The Kruskal-Wallis test revealed highly significant differences (p < 0.001) in all TMJ parameters across the periodontal health groups. Mouth opening progressively decreased from healthy (34.20 ± 1.70 mm) to severe periodontitis (27.20 ± 2.63 mm), reflecting functional impairment. Deviation during opening worsened significantly (healthy: 2.20 ± 0.77; severe periodontitis: 5.50 ± 1.40), indicating asymmetric joint movement. Articular eminence inclination steepened with disease severity (healthy: 43.20 ± 6.79; severe periodontitis: 60.20 ± 2.97), suggesting biomechanical adaptation to occlusal instability. Most notably, the FAI (pain/dysfunction) increased from 6.40 ± 2.16 (healthy) to 19.80 ± 3.81 (severe periodontitis), confirming that symptom burden correlated with periodontal destruction. These findings demonstrated that TMJ dysfunction worsened proportionally with periodontitis severity, with a significant decline in joint mobility, stability, and comfort (Table 2).
*Table 2: Comparison of temporomandibular joint (TMJ) parameters between study groups by Kruskal-Wallis test.p-value < 0.05: significant.Data is presented in the form of mean ± standard deviation (SD).
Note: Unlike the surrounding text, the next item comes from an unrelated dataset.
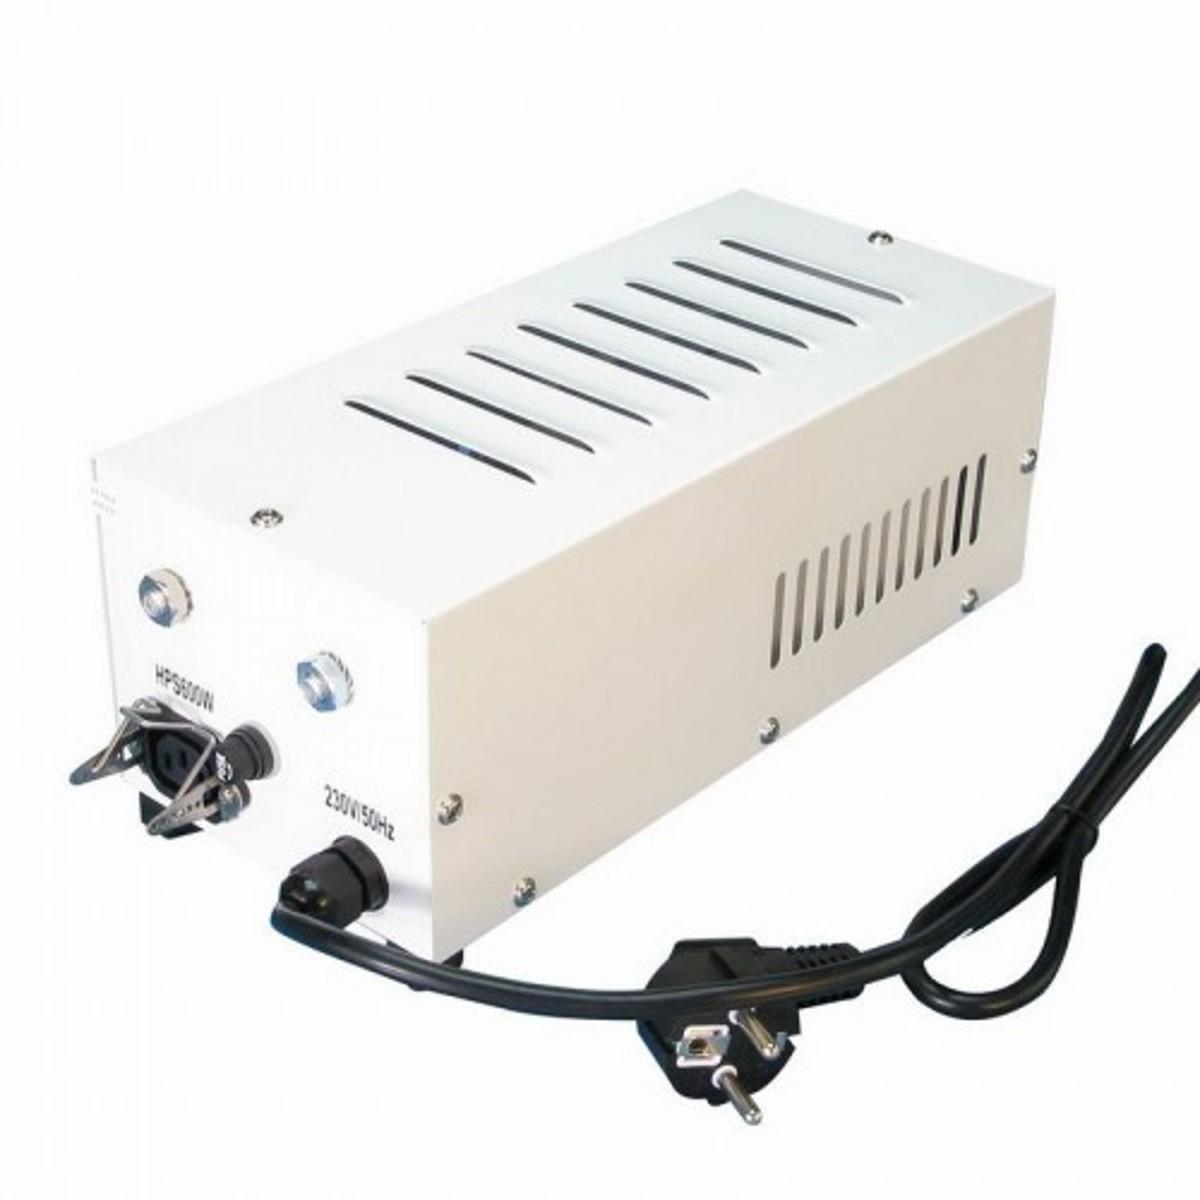 Elektromagnetický předřadník BLT 1000W, zaboxovaný, plug and play

The post-hoc test revealed significant differences (p < 0.05) in the TMJ parameters between the periodontal groups. The severe periodontitis group showed the most pronounced deviations, with significantly reduced mouth opening, greater deviation, steeper articular eminence inclination, and higher FAI scores compared to healthy controls. Mouth opening and articular inclination were similar in the healthy and initial periodontitis groups. The moderate periodontitis group differed significantly from the other groups (p < 0.016). Notably, pain and dysfunction (FAI) progressively escalated across all stages. These results confirmed that TMJ degeneration was most severe in severe periodontitis, but functional and structural changes began as early as in moderate periodontitis (Table 3).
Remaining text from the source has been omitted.